I read an article entitled "Permutation Tests for Studying Classifier Performance" which explains how to use "permutation-based p-value" to test the performance of a classifier. I can not understand how to calculate the p-value. The article reports this formula:

 p = (|{D′ ∈ D: e(f,D′) ≤ e(f,D)}|+1)/(k+1)
 (DEFINITION 1)

Where e(f,D) is some error of the classifier f on the dataset D or D' (D' is the dataset obtained with permutation).

This is the article: http://jmlr.org/papers/volume11/ojala10a/ojala10a.pdf

But I do not understand the formula. Why the error with D' is less than the error with D? and can I calculate the absolute value of an equation with "<=" ? And what is k?

The article says:

The empirical p-value of Definition 1 represents the fraction of randomized samples where the classifier behaved better in the random data than in the original data. Intuitively, it measures how likely the observed accuracy would be obtained by chance, only because the classifier identified in the training phase a pattern that happened to be random.
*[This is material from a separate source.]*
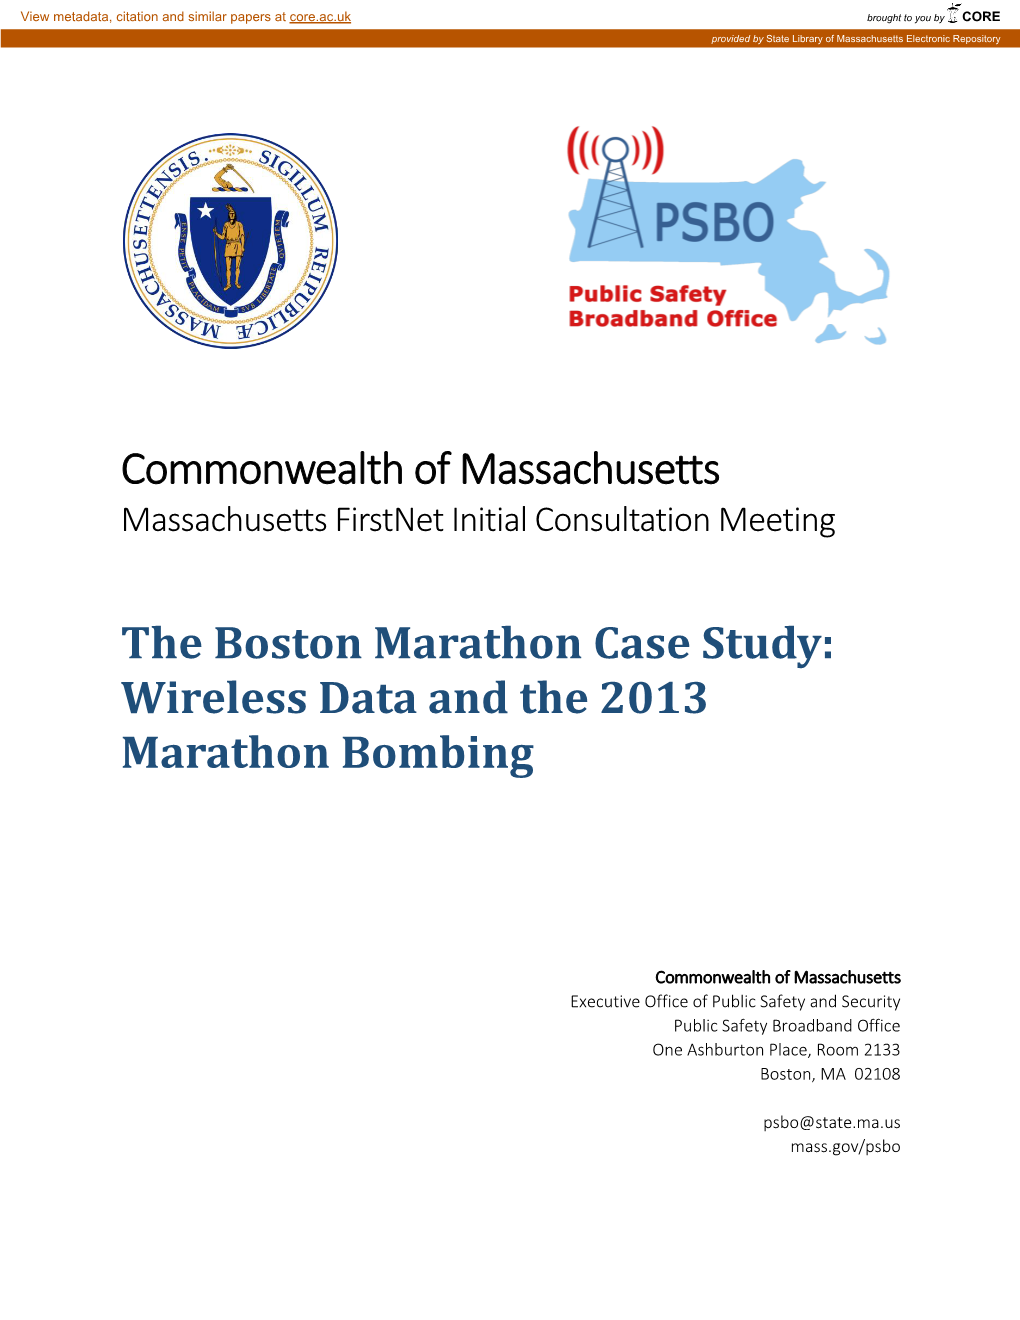 Wireless Data and the 2013 Marathon Bombing

Therefore, if the p-value is small enough usually under a certain threshold, for example, α = 0.05 we can say that the value of the error in the original data is indeed significantly small and in consequence, that the classifier is significant under the given null hypothesis, that is, the null hypothesis is rejected.

up vote 2 down vote accepted

The formula uses the default notation for sets.

So $\{D′ ∈ \hat{D}: e(f,D′) ≤ e(f,D)\}$ is read as: A set containing all permutations $D'$ of $D$ in $\hat{D}$ restricted to those where $e(f,D′) ≤ e(f,D)$.

The pipes around the set definition ("$|$") do note the cardinality / size of the set.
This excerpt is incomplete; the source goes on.